Spotlight: Emily Kroshus
“Sports participation can have so many health, social, and psychological benefits, but in some sports female athletes are at increased risk for disordered eating, often due to pressures within the athletic environment. Sports teams have been studied as sources of negative body and eating-related pressure, but have not been studied as potential sources of positive pressure to behave in healthy ways—something I hope to change with my dissertation work. My goals are to understand risk and protective factors within the team environment and ultimately develop and evaluate programs aimed at enhancing the positive consequences of sport participation.” -Emily
Emily Kroshus is a doctoral candidate in the Department of Social and Behavioral Sciences at HSPH. Her doctoral dissertation is focused on evaluating how a positive, strength-based approach can help prevent disordered eating among female athletes and how teams can promote these strengths. Previous research on the “contagion” of eating-related attitudes and behaviors among groups of females has focused on negative attitudes and pathological behaviors. Her work aims to bring a positive orientation to the conversation about the prevention of disordered eating among female athletes.

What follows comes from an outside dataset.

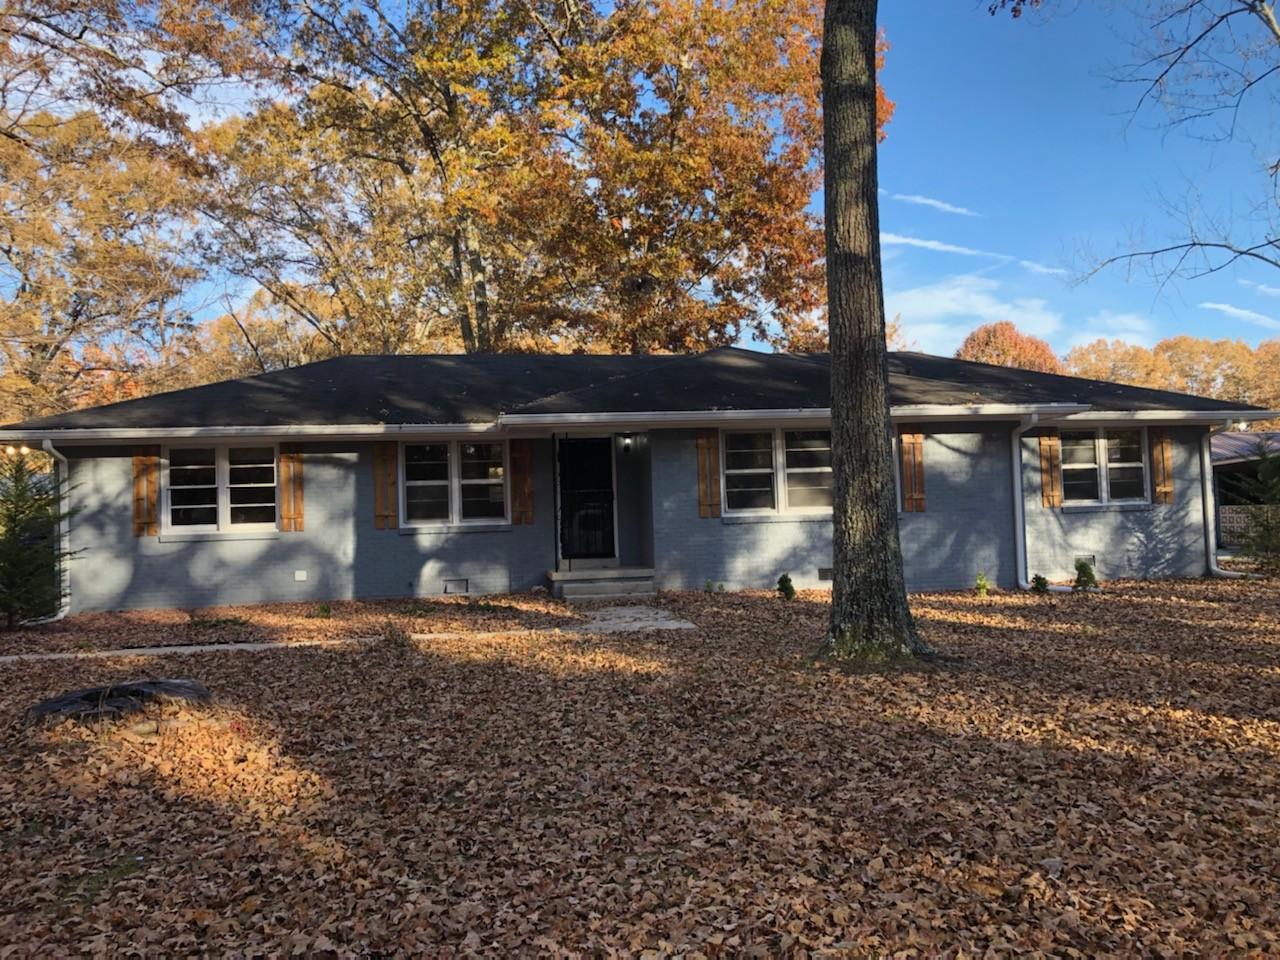 1007 Westwood Dr, Tullahoma, TN 37388 - Tullahoma, TN real estate listing

Emily is a collaborator with the Female Athlete Triad Project, helping to develop and evaluate educational materials about the Female Athlete Triad for high school coaches in the state of New York. She is also leading efforts to evaluate the implementation of a mindfulness-based eating disorder prevention program in South Carolina. For her other work on health in the sports context, she is the 2012-13 recipient of the NCAA’s Graduate Student Research Grant for her research evaluating collegiate concussion education programs.